Synthetic data used throughout the experiments is generated from GANMs (Definition~\ref{def:ANM}) with varying dimension and group size. First, we construct the ground truth causal graph using the Erd\"{o}s-R\'{e}nyi model~\citep{Erdos2011} with sparsity level set proportional to the number of nodes. In order to set up the nonlinear link functions \({f}_g\), we follow a strategy similar to previous work on scalar ANMs~\citep{Lachapelle2020, Uemura2022, Rolland2022}. We sample \({f}_g\) from randomly weighted sums of Gaussian processes.

Additive noise is generated from multivariate Log-Normal distributions. First, multivariate Gaussians are generated where mean vector entries and off-diagonal entries in the covariance matrix are sampled uniformly from the \([-0.8,0.8]\) interval. Then the exponential is taken component-wise. While propagating through the graph, we adjust the scales of the variables in each equation to a signal-to-noise ratio of two. To reduce the risk of involuntary design patterns that might be picked up by the algorithms we employ~\citep{Reisach2021}, data is always standardized.

\subsection{Metrics}\label{sec:metrics}

Evaluating causal graphs is a difficult task as the mere number of dissimilar edges between learned and the ground truth graph does not necessarily reflect how the graphs differ in their capability to answer causal queries. This fact is exacerbated by the problem that not all causal discovery algorithms return the same graphical object. Different causal assumptions posed by the corresponding routines lead to different types of causal graphs. Consequently, we report a number of evaluation metrics in order to capture strengths and weaknesses of the routines employed across a wide spectrum of tasks. Next to metrics that quantify edge recovery, we report recently proposed~\citep{Henckel2024} graph distances that count the number of wrongly inferred causal effects, determined by different identification strategies, when using the learned rather than the true DAG.

\textit{Precision, Recall and \(F_1\) score}

We start with binary classification metrics that are prominent in the machine learning literature. Put in a graphical context, \textit{Precision} refers to the fraction of correctly
determined edges among all identified edges. Recall, sets correctly identified edges in relation to all edges present in the
ground truth. The \(F_1\) score is the harmonic mean of Precision and Recall, i.e. \(F_1 =
2 \cdot\text{Precision}\cdot\text{Recall} /(\text{Precision}+\text{Recall})\).

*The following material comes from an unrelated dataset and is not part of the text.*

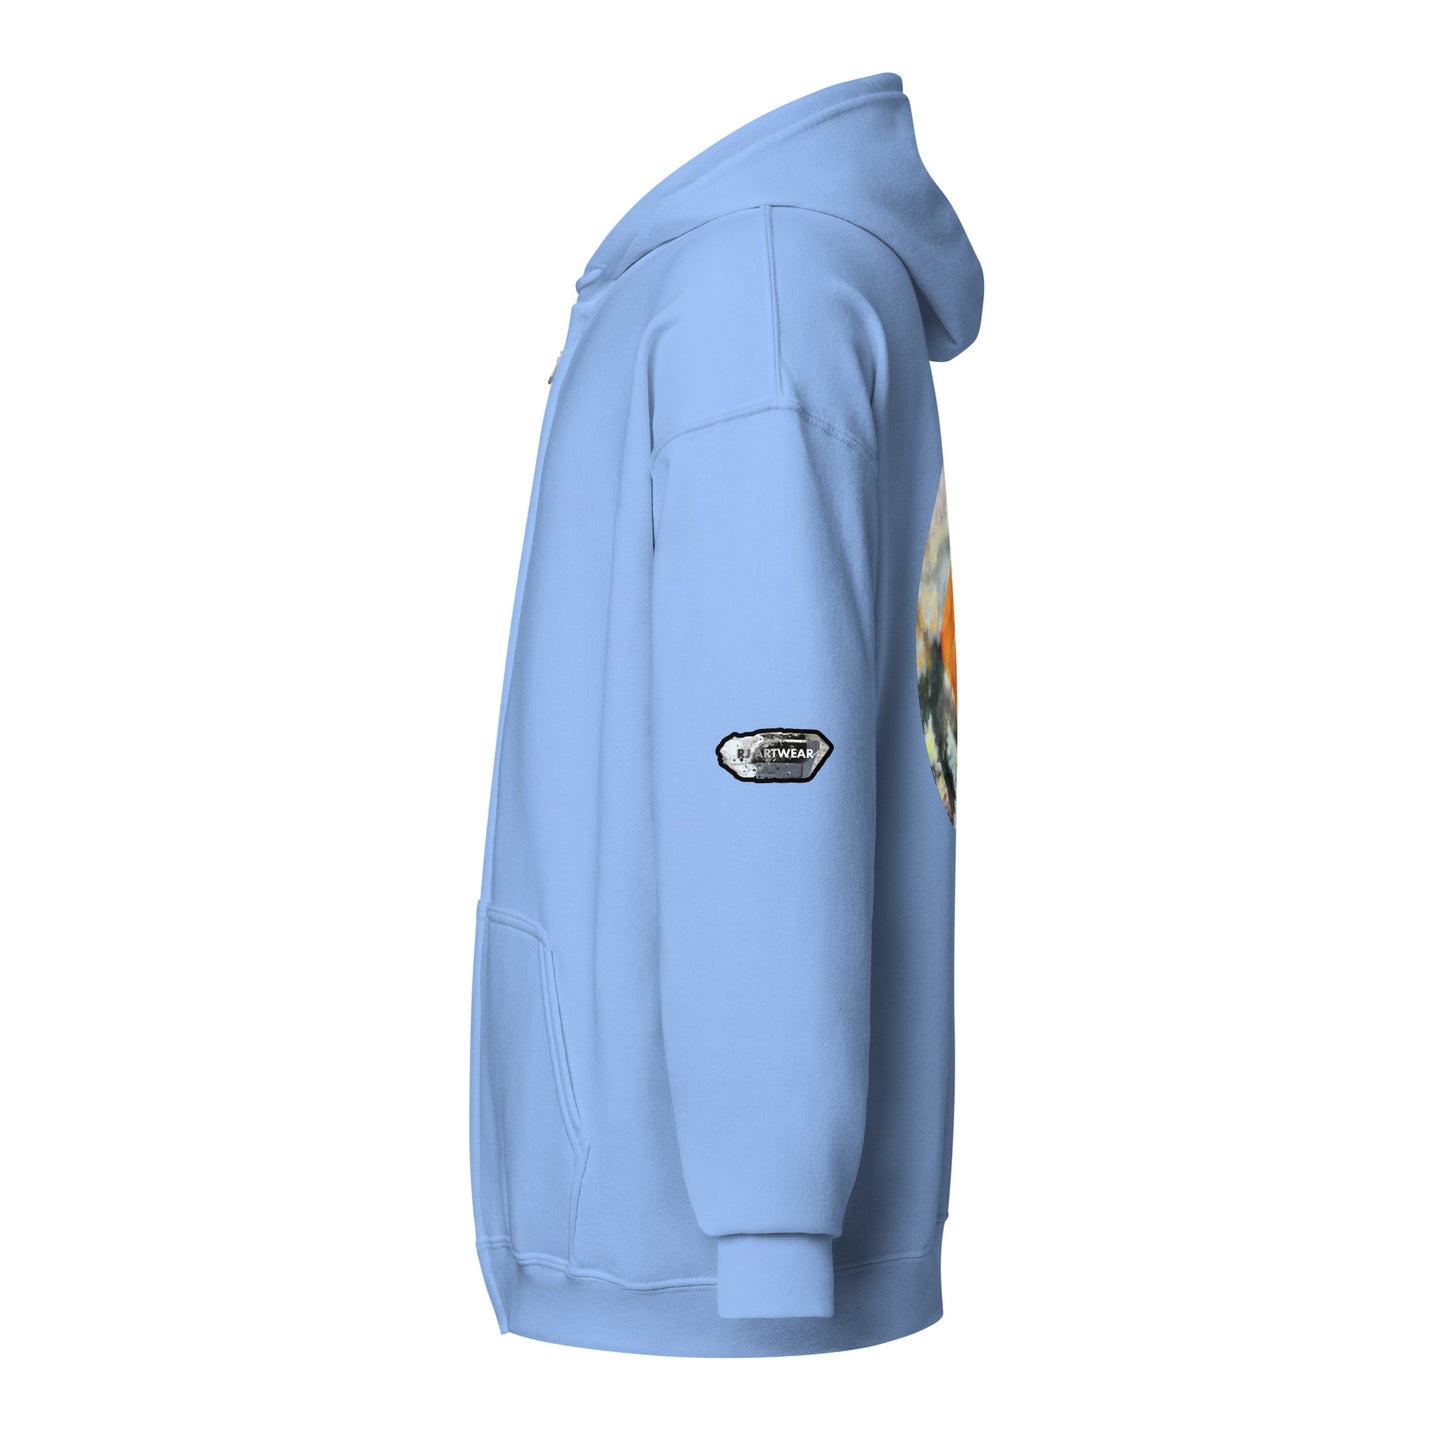 Tiger Mine Wulfenite Micro Drawing - Unisex heavy blend zip hoodie

\textit{Structural Hamming Distance (SHD)}

The SHD counts the number of differing edges between to graphs.

\textit{Structural Interventional Distance (SID)}~\citep{Peters2015}:

The SID counts the number of incorrectly inferred interventional distributions from the learned graph when compared to the ground truth. For DAGs, this equates to counting parent sets in the learned DAG that are not valid adjustment sets in the ground truth DAG.

\textit{Ancestor Adjustment Identification Distance (AAID)~\citep{Henckel2024}}

While parent adjustment is a valid adjustment strategy, there exist statistically more efficient adjustment sets. Based on this observation, \citet{Henckel2024} generalize the idea of the SID and present identification distances that count the number of incorrect identification formulas that arise when using some identification strategy. The SID then arises when parent adjustment is chosen as the identification strategy. However, SID may produce surprisingly large quantities when comparing two DAGs that have the same causal order. Choosing ancestor rather than parent adjustment leads to an adjustment strategy that returns a zero whenever estimated and ground truth DAG agree in terms of their causal orders.

\textit{Order Adjustment Identification Distance (OAID)~\citep{Henckel2024}}

In order to emphasize the role played by the pruning step, we also provide a DAG to order distance.~\textit{OAID} arises when comparing the super-DAG \(\mathcal{G}^\pi\) and the ground truth \(\mathcal{G}_0\) in terms of their \textit{AAID}. Consequently,  \textit{OAID} counts the number of incorrect identification formulas derived from the estimated causal order \(\pi\).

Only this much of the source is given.